A U.S. space domain awareness payload hosted on Japan's Quasi-Zenith Satellite 6 successfully launched on a Japanese H-3 launch vehicle from the Yoshinobu Launch Complex at the Japan Aerospace Exploration Agency’s Tanegashima Space Center in Japan on February 2. This is the first bilateral U.S. Japan cooperative space effort focused on national security, and the first of two launches as part of the JAXA Quasi-Zenith Satellite System Hosted Payload program.The satellite will be operated by Space Operations Command’s Mission Delta 2, which conducts Space Domain Awareness operations to identify, characterize, and exploit opportunities and mitigate vulnerabilities in the national security space terrain on behalf of the U.S. Space Force and U.S. Space Command. The satellite will deliver near real time data to the Space Surveillance Network bolstering the U.S. Department of Defense understanding of the Geosynchronous Orbit regime above the Indo-Pacific region.

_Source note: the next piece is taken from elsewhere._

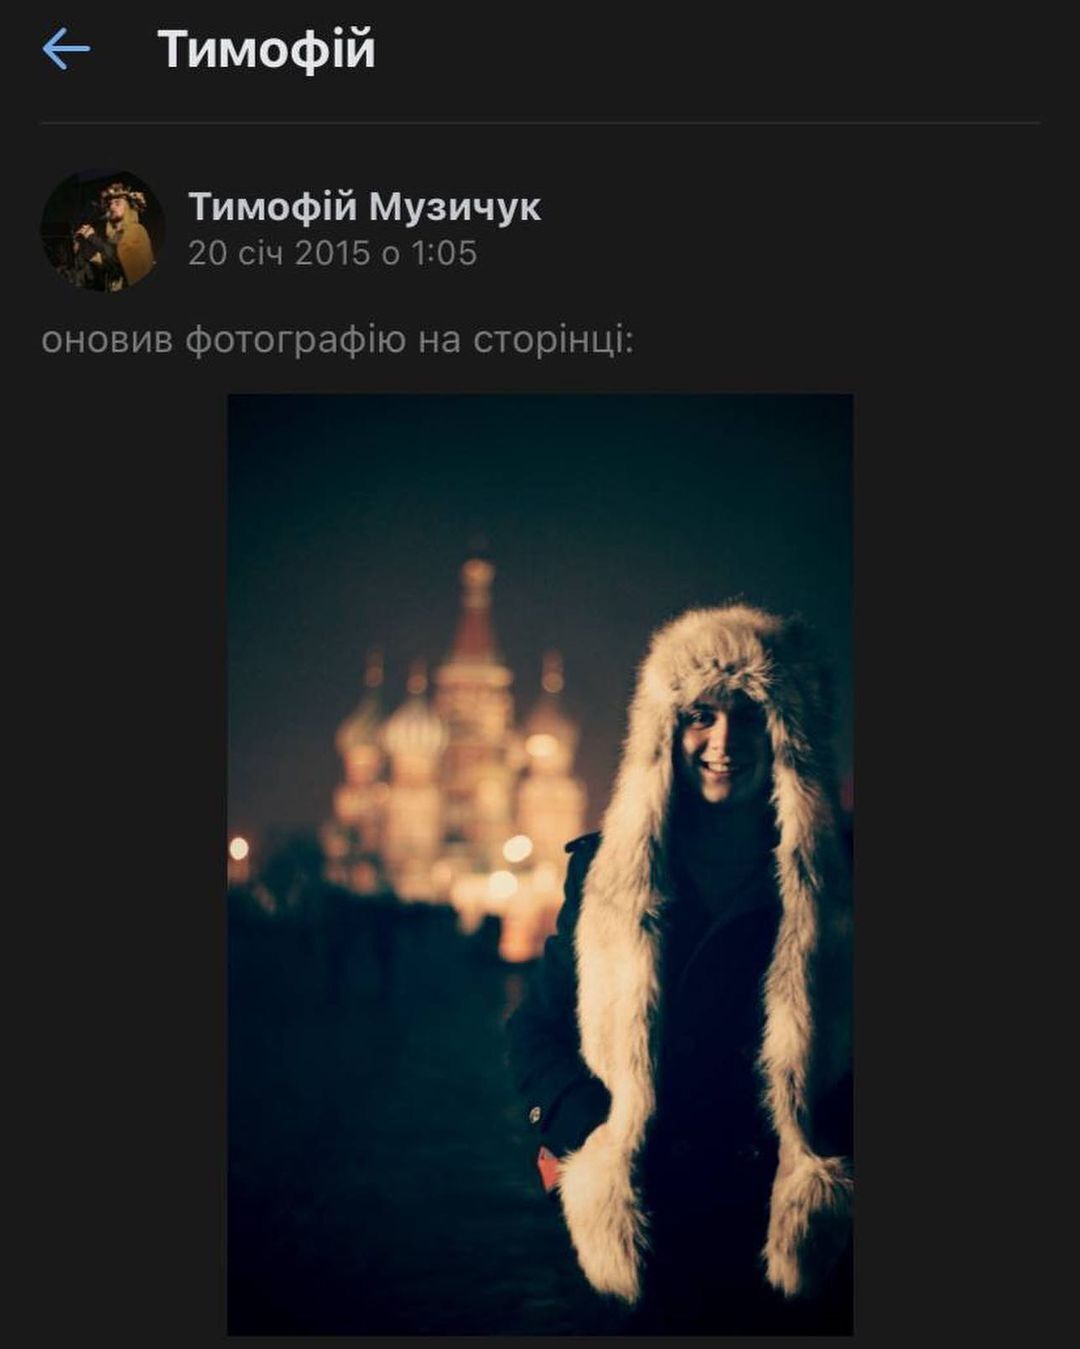 Тимофей Музычук ездил в Россию

The QZSS-HP program encompasses the integration, launch and operations of two U.S. payloads hosted on Japanese satellites. In preparation for launch, USSF and Massachusetts Institute of Technology Lincoln Laboratory teams have worked side-by-side with the NSPS and Mitsubishi Electric Corporation teams in Japan over the past two years to integrate and test the first hosted payload alongside its Japanese QZS-6 host.
The strategic partnership between the USSF and Japan's National Space Policy Secretariat originated through a December 2020 international agreement to jointly execute the Quasi-Zenith Satellite System-Hosted Payload program. The mission’s second payload aboard QZS-7 is on track for launch in early FY2026.